野狐(やこ)ごときが、この私に牙を()けるか」

 形勢は一気に逆転していた。この武武甕槌命(たけみかづちのみこと)、雷神である上に刀剣、弓術、武、軍の神として知られている。つまり、戦闘はお手の物なのだ。余裕の笑みを浮かべる武甕槌命(たけみかづちのみこと)を前に、野狐(やこ)はひょいっと屋上の柵を乗り越え、逃げてしまうのだった。

「所詮は臆病な野狐(やこ)の一匹だな」

 武甕槌命(たけみかづちのみこと)は、ふん、と鼻を鳴らした。

「これは、どういうことなの……?」

 奏は呆然と声を上げた。それを聞いた武甕槌命(たけみかづちのみこと)は言う。

「この者には、そなたの様な守護霊が存在しない。代わりにツクヨミとアマテラスが守護をしていたのだ」

 しかし今、二柱は出雲へと出かけている。
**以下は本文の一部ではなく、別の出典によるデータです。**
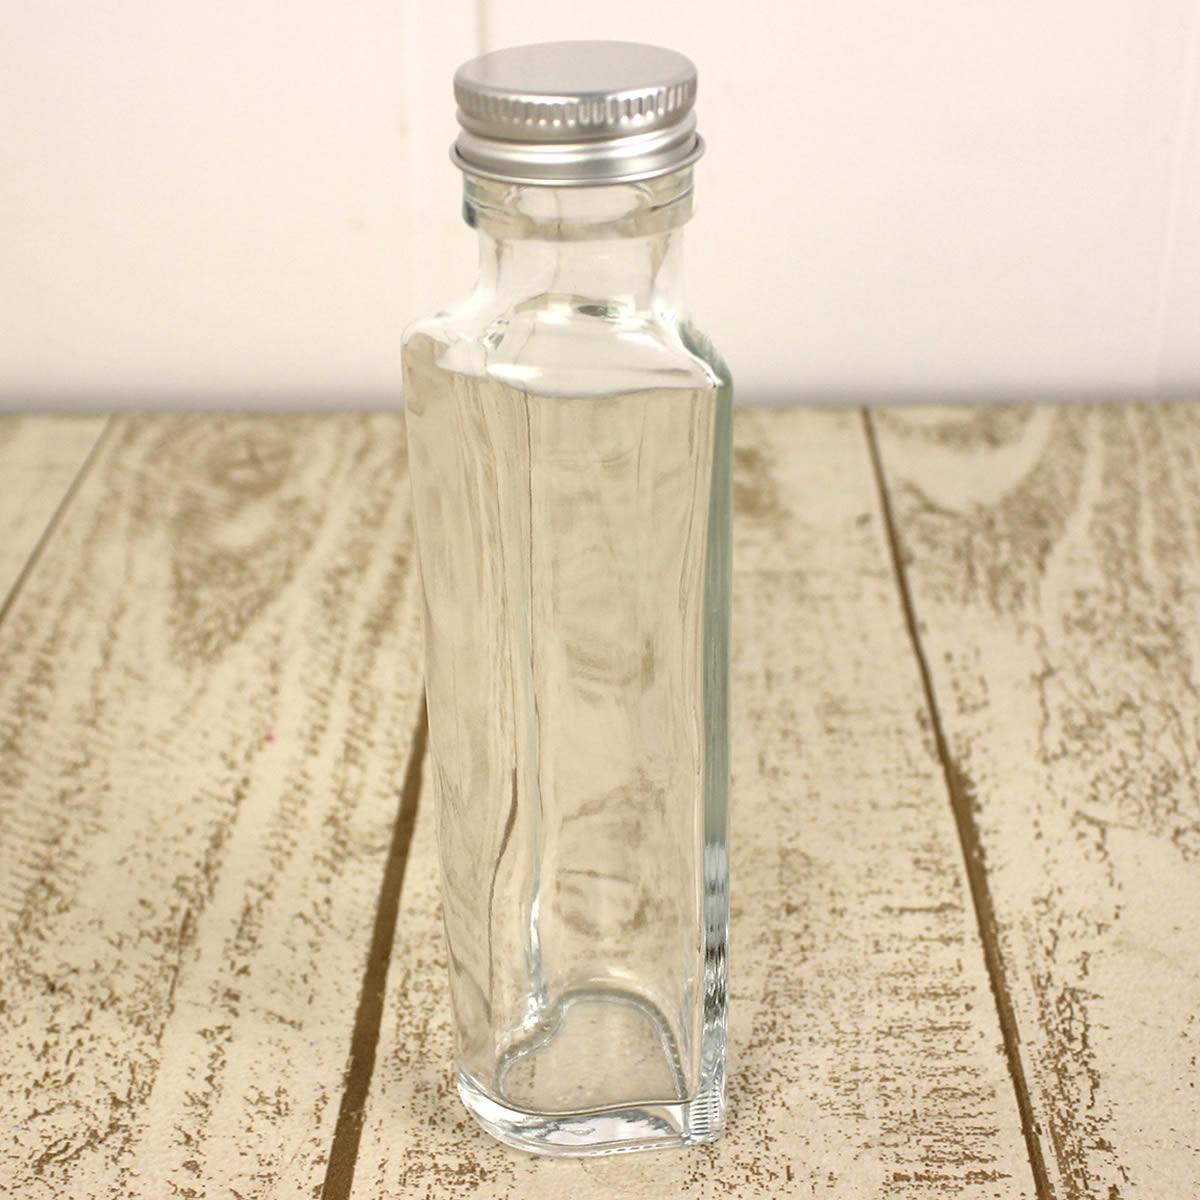 即日 ハーバリウム瓶(ハート)100ml アルミ銀キャップ付《花資材・道具 ハーバリウム材料 ハーバリウム オイル》

留守中、何かが起きたときのための守護を任されたのが、この武甕槌命(たけみかづちのみこと)、と言うことだ。

「あずさちゃん、それを知ってて雷を呼んだの?」

 奏の言葉にあずさはふるふると首を振る。どうやら偶然のようだ。

「そなたは神々が守護する人間だ。その団扇(うちわ)を振るうことで、神々が反応し、そして呼び出すことも出来るようになった」

 武甕槌命(たけみかづちのみこと)はそう言うと、また何かがあれば呼んでくれ、と言って姿を消した。今まで暗かった空はいつの間にか晴れている。

「神々の守護を受ける者って……。あずさちゃん、凄いのね」
「え? 私、大したこと全然してないのに……」
 屋上には呆然とする二人の姿が残っていた。